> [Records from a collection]
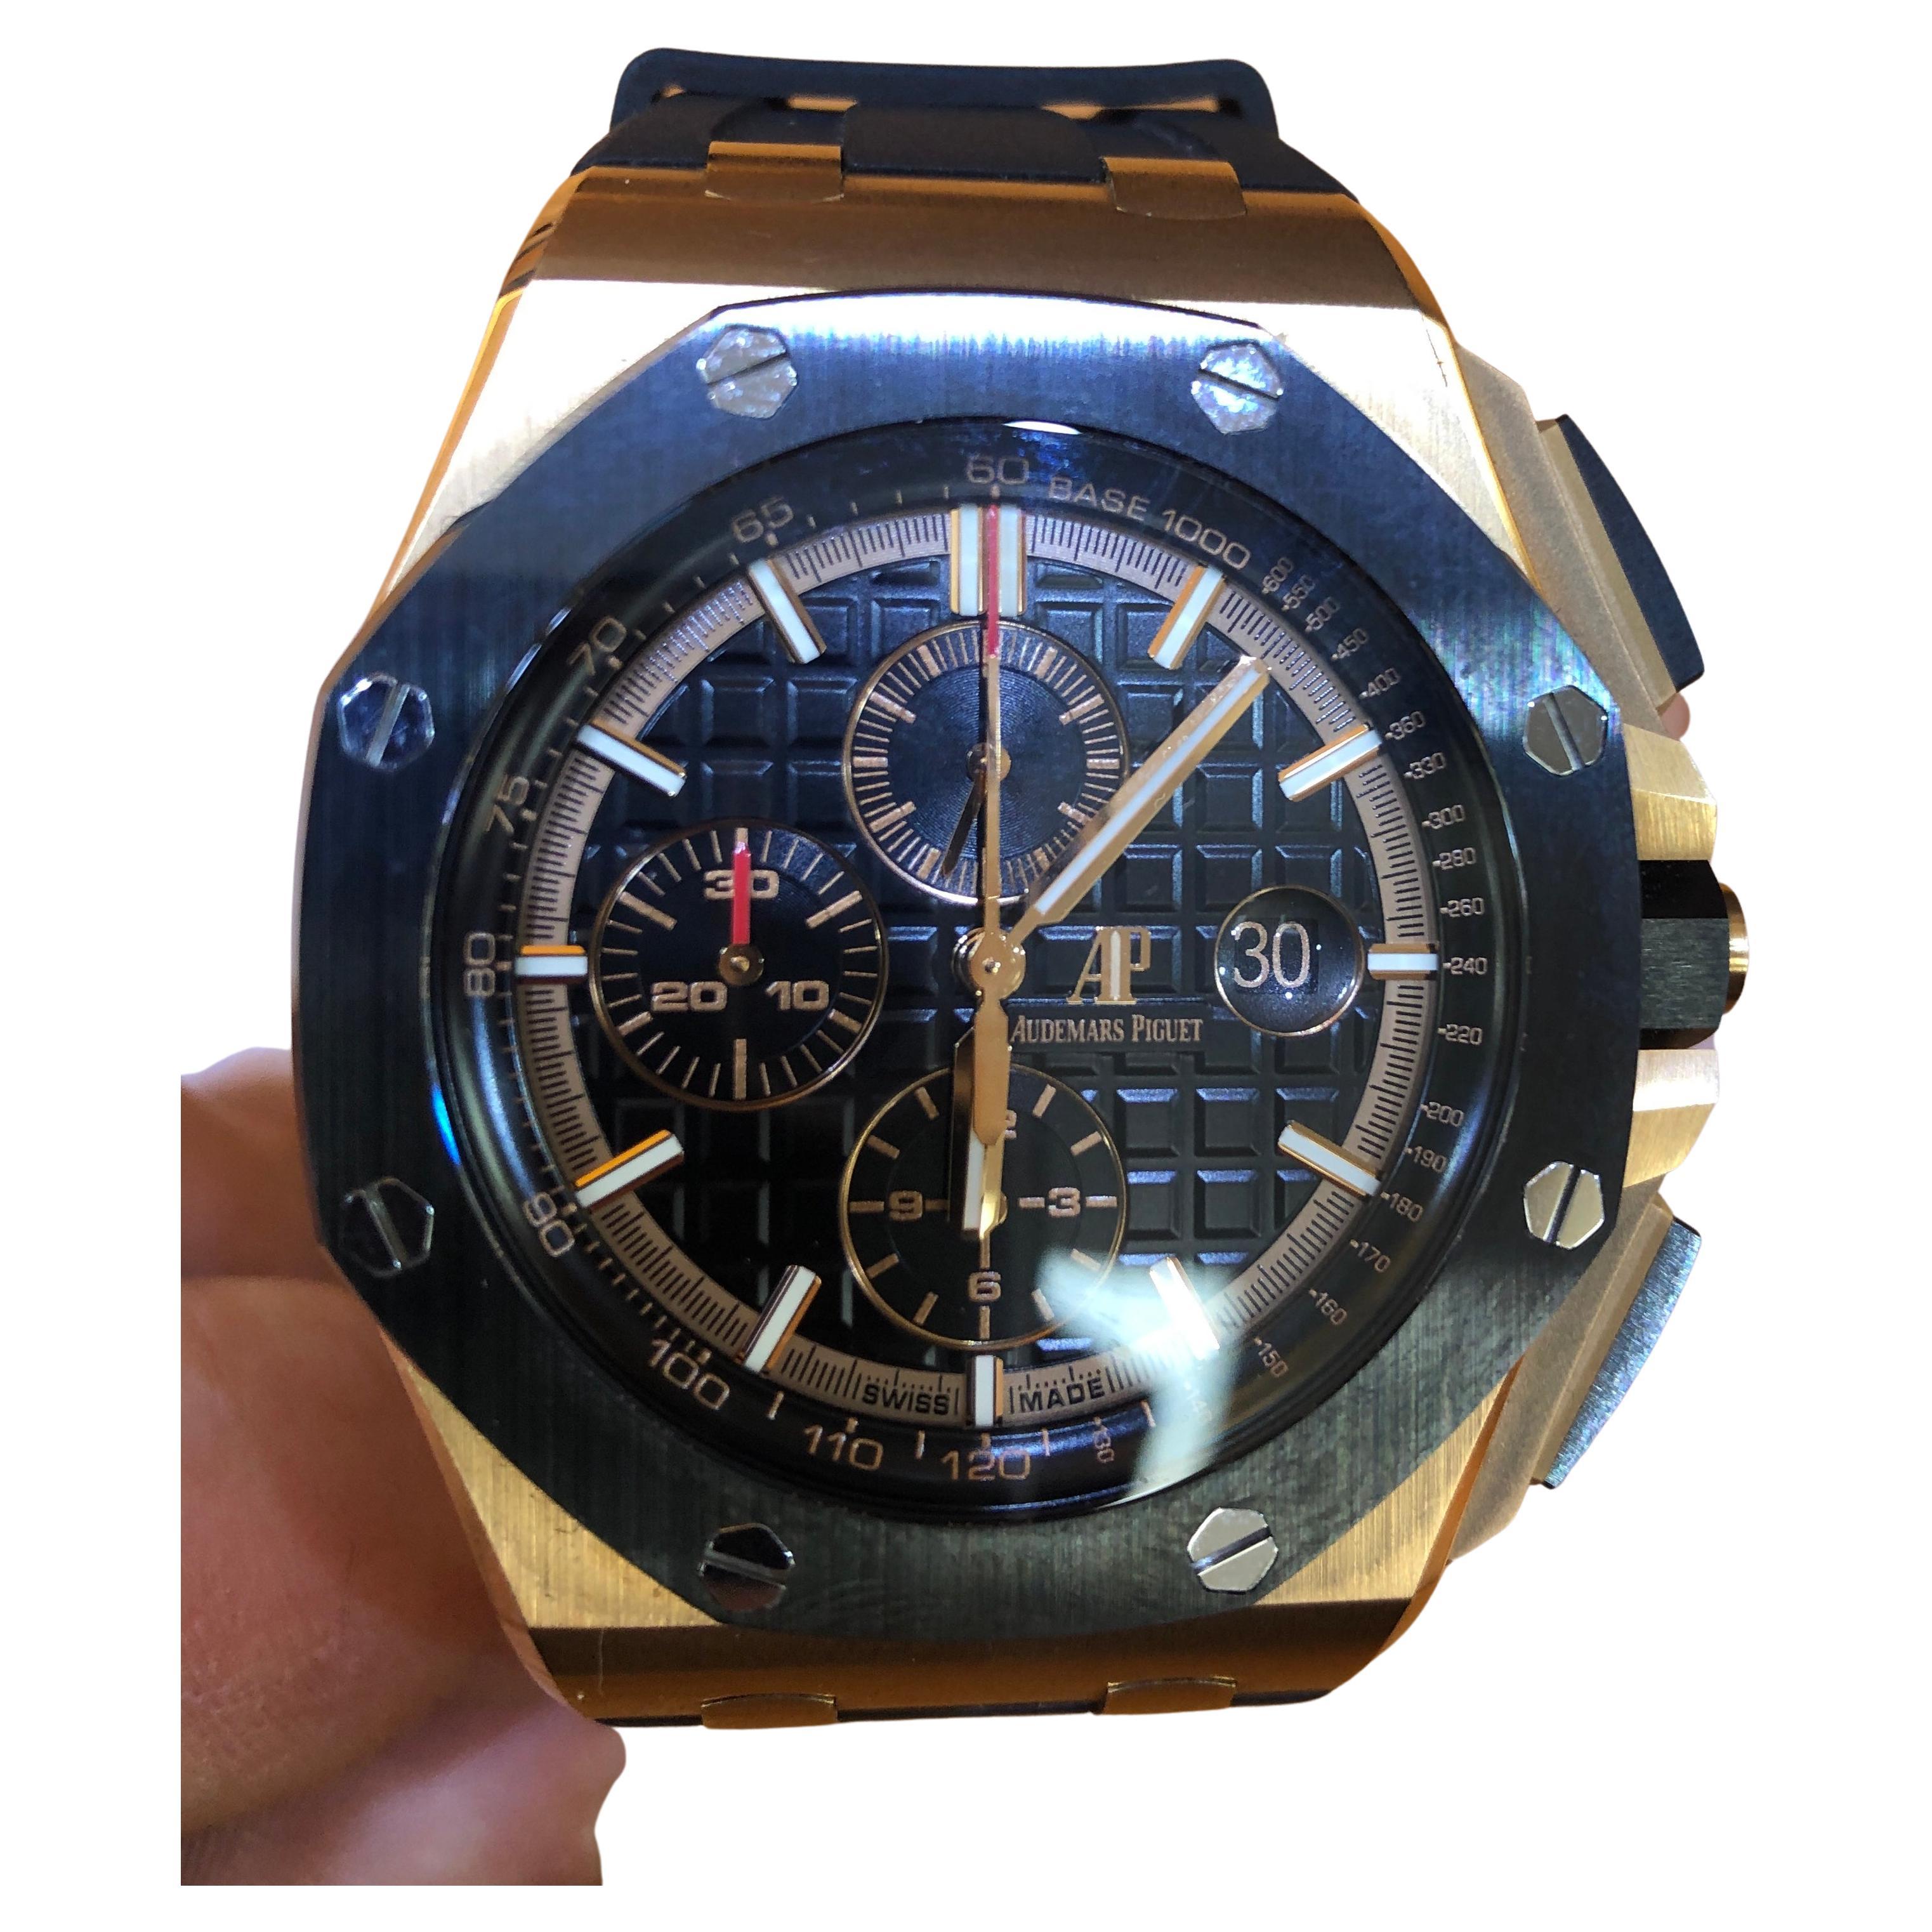 Audemars Piguet Royal Oak Offshore 44mm 18k Gold Watch

worn maybe twice

2021 model 41mm ceramic bezel

Complete set box and papers
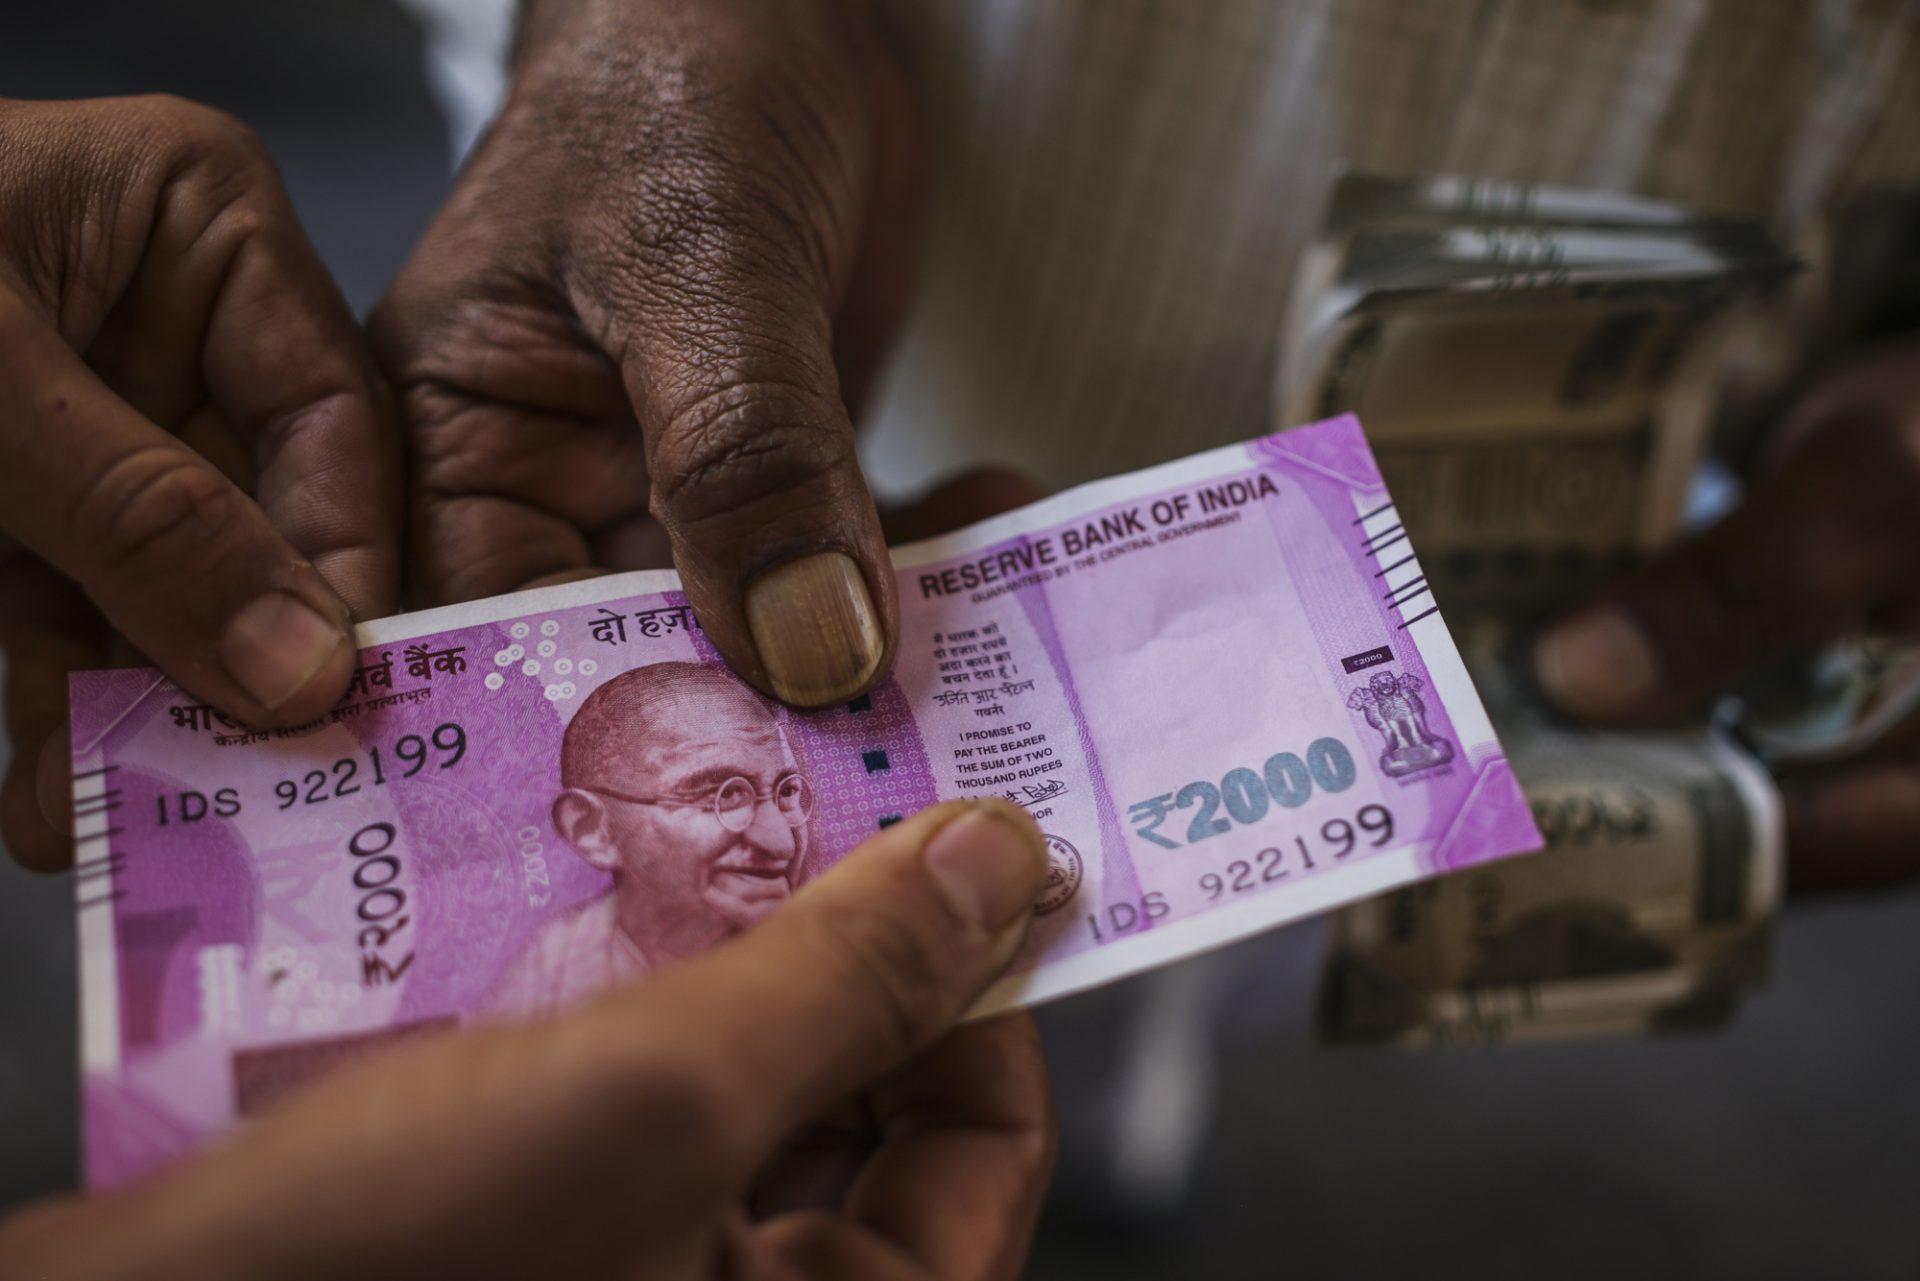 Surge in Deposits and Advances for Scheduled Banks to over ₹2-Lakh Cr each in December 1 Fortnight

> [What you will do]
The data shown above must be printed again exactly, with no images included.

> [Task result]
 Audemars Piguet Royal Oak Offshore 44mm 18k Gold Watch

worn maybe twice

2021 model 41mm ceramic bezel

Complete set box and papers
 Surge in Deposits and Advances for Scheduled Banks to over ₹2-Lakh Cr each in December 1 Fortnight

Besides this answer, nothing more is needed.